Lorsque j'ai vu le film, excellent, à sa sortie, j'ignorais qui était
Muriel Barbery.
Difficile lorsque l'on a un coup de coeur cinématographique de se précipiter chez son libraire le lendemain afin de se plonger dans un univers qui a toutes les chances de contrarier le coup de coeur en question. J'ai donc décidé de faire à partir du film - le hérisson -, l'impasse sur le livre -
L'élégance du hérisson -. Quelques années se sont écoulées jusqu'à ce qu'un soir de cette rentrée 2020, je trouve parmi les invités de
François Busnel, le Pivot playboyifié de ces années folles du XXIe siècle,
Muriel Barbery en personne. Et là, lorsque fut venu son tour d'être interviewée... le coup de foudre ! Je suis complètement tombé sous le charme de cette auteure, de cette femme intelligente, formidablement érudite, brillante et d'une profonde et sincère humanité.
Ma fille ayant dans sa bibliothèque le livre que, quelques années plus tôt, j'avais boudé; me l'a prêté.
Avant de vous dire comment je l'ai lu et ce que j'y ai trouvé, un petit rappel succinct sur ce qu'on appelle aujourd'hui le pitch.
Renée, 54 ans, veuve, sans enfants, est concierge depuis 27 ans dans un immeuble de luxe parisien. Elle n'est pas concierge... en réalité, comme le disent si bien nos amis transalpins " elle fait la concierge". Issue du lumpenprolétariat rural, analphabète et sous le joug, elle s'est élevée dans l'anonymat, dans l'ombre, en cachette d'un monde qu'elle observe en autodidacte surdouée ( elle cache les livres qu'elle emprunte à différentes bibliothèques dans le fond de son cabas... pour ne pas éveiller les soupçons de "l'ennemi de classe"), persuadée qu'aucune passerelle n'existe entre elle et les classes dominantes dont elle se préserve derrière son "déguisement" de concierge.
Paloma, 12 ans1/2 habite cet immeuble de luxe dans lequel Renée officie. Elle aussi est une surdouée qui se cache, méprisant et rejetant un monde superficiel, moche et vain, auquel elle appartient de par sa naissance mais qu'elle projette de quitter le jour de son 13ème anniversaire.
Chacune des deux va à son tour nous offrir une vision de ce monde où rien ne vaut la peine d'être... jusqu'au jour où ces deux résistantes apparemment résignées vont se rencontrer... leur marginalité de génies réfractaires, leurs goûts communs... où le Japon occupe une place de choix, vont faire le reste...
Une pure merveille !
Merveille de lucidité, d'intelligence, de culture... Merveille d'humour finement vitriolé aux neurones imbibés d'acide philosophique et politique...Merveille d'invitation à repenser le monde... Merveille de tendresse, de bienveillance et d'amour, ce roman pas comme les autres, appartient à cette espèce rare où le lecteur se retrouve à cette troublante patte-d'oie littéraire où se croisent les chemins de la littérature, de la culture, de l'Art et de quelques sciences humaines de premier plan.

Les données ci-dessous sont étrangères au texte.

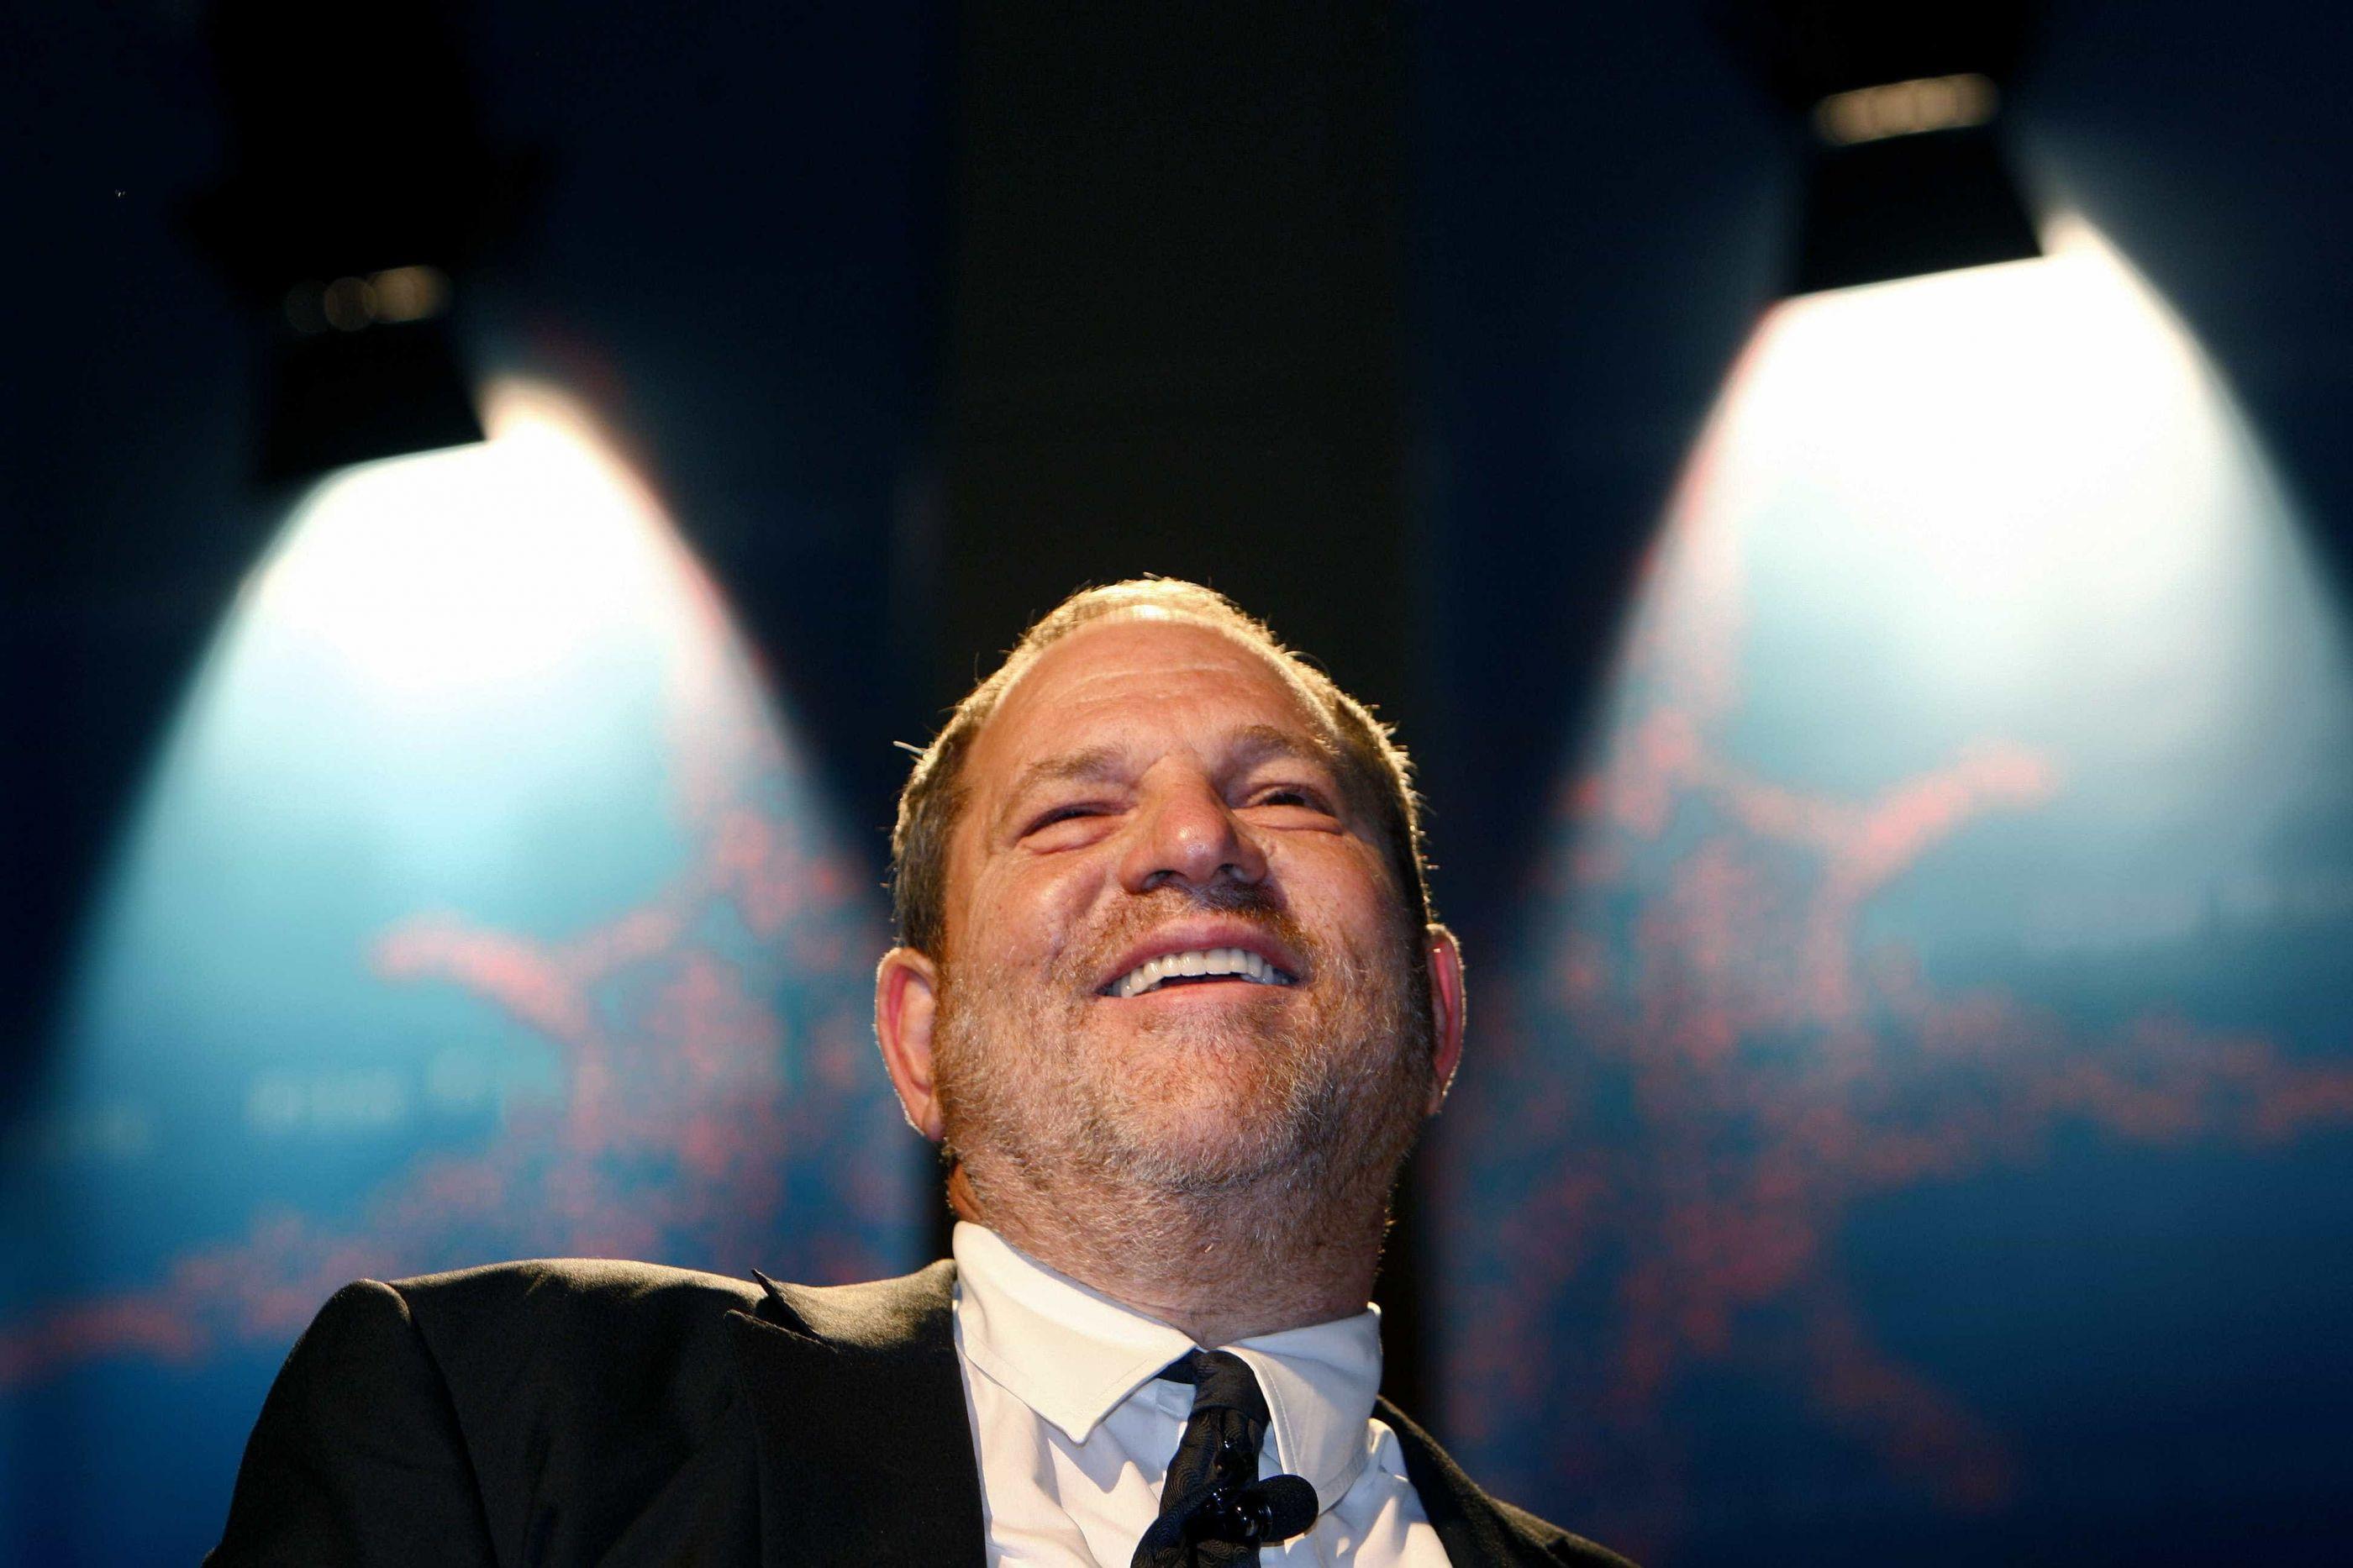 Justiça anula uma das acusações contra o produtor Harvey Weinstein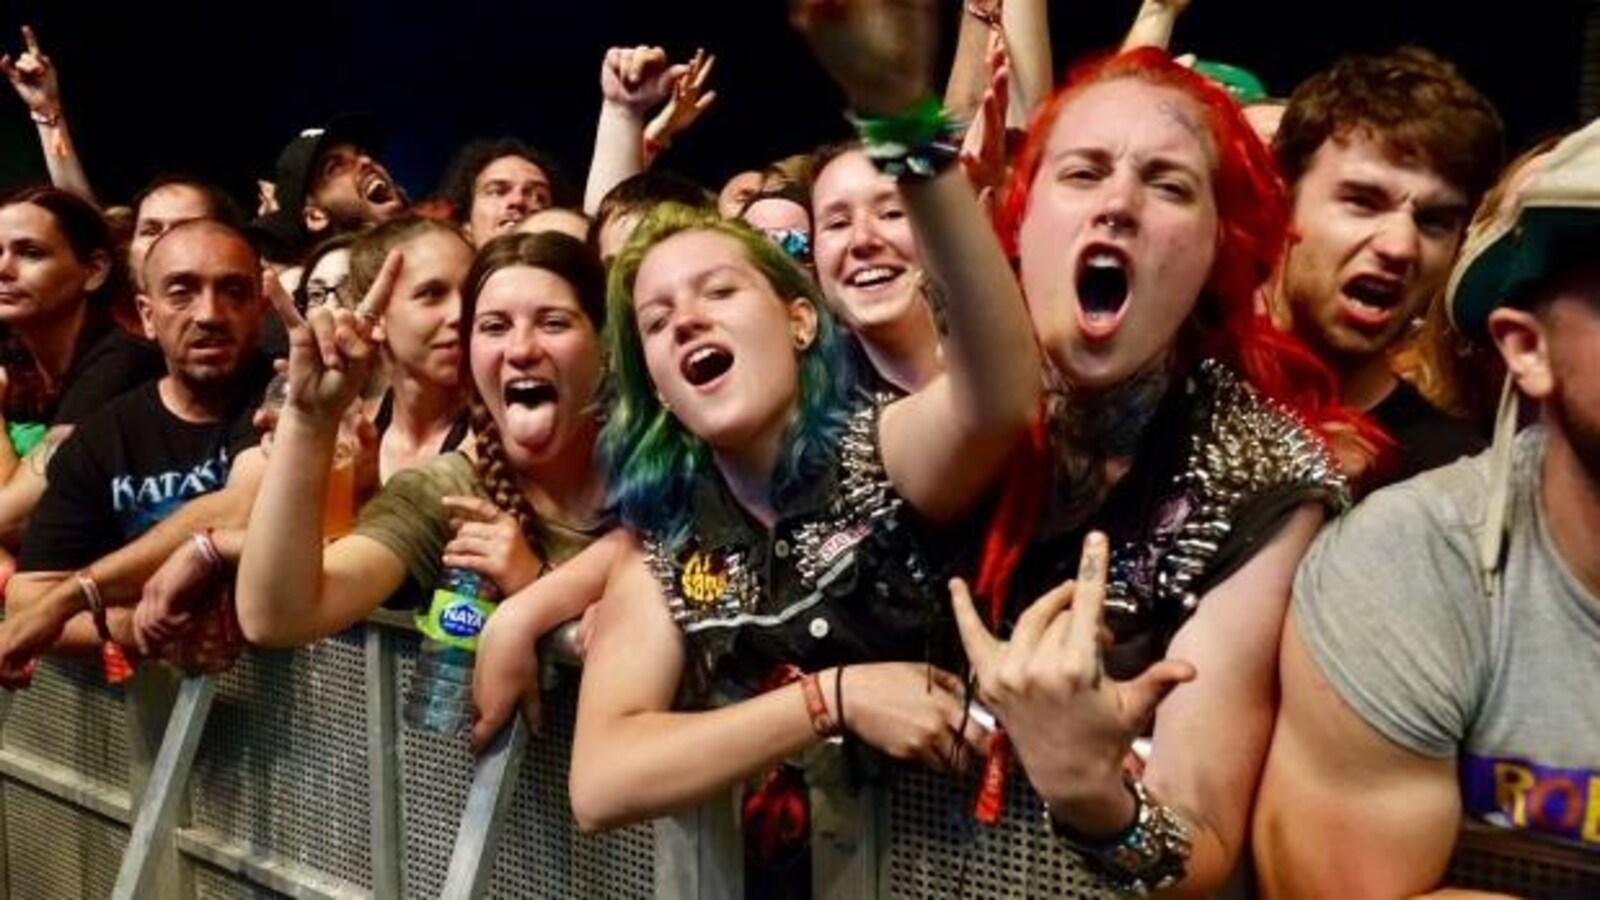 Une foule au Rockfest

J'ai bu cette oeuvre comme Renée, Paloma, Manuela ou Kakuro Ozu savourent leur thé, par petites gorgées pour en prolonger le plaisir jusqu'à l'infini... et les dernières pages de ce prodigieux bouquin ont imbibé les madeleines qui accompagnaient cette dégustation de ce livre-thé, de quelques larmes que j'aurais voulues moins amères tant je sais gré à
Muriel Barbery de m'avoir offert des moments "d'adéquation".
C'est une mine truffée de multiples pierres précieuses offertes dans un écrin où l'orchestre et les choeurs des mots nous touchent au plus profond de l'âme et du coeur.
Un extrait d'un passage du livre, qui m'a fortement troublé tant son anticipation prend aujourd'hui une résonnance toute particulière.
-Notre prof d'histoire, M. Lermit, il a su nous emballer en deux cours en nous montrant des photos de types auxquels on avait coupé une main ou les lèvres, en application de la loi coranique, parce qu'ils avaient volé ou fumé. Pourtant, il ne l'a pas fait dans le genre gore. C'était saisissant et on a tous écouté avec attention le cours qui a suivi, qui mettait en garde contre la folie des hommes et pas spécifiquement contre l'islam.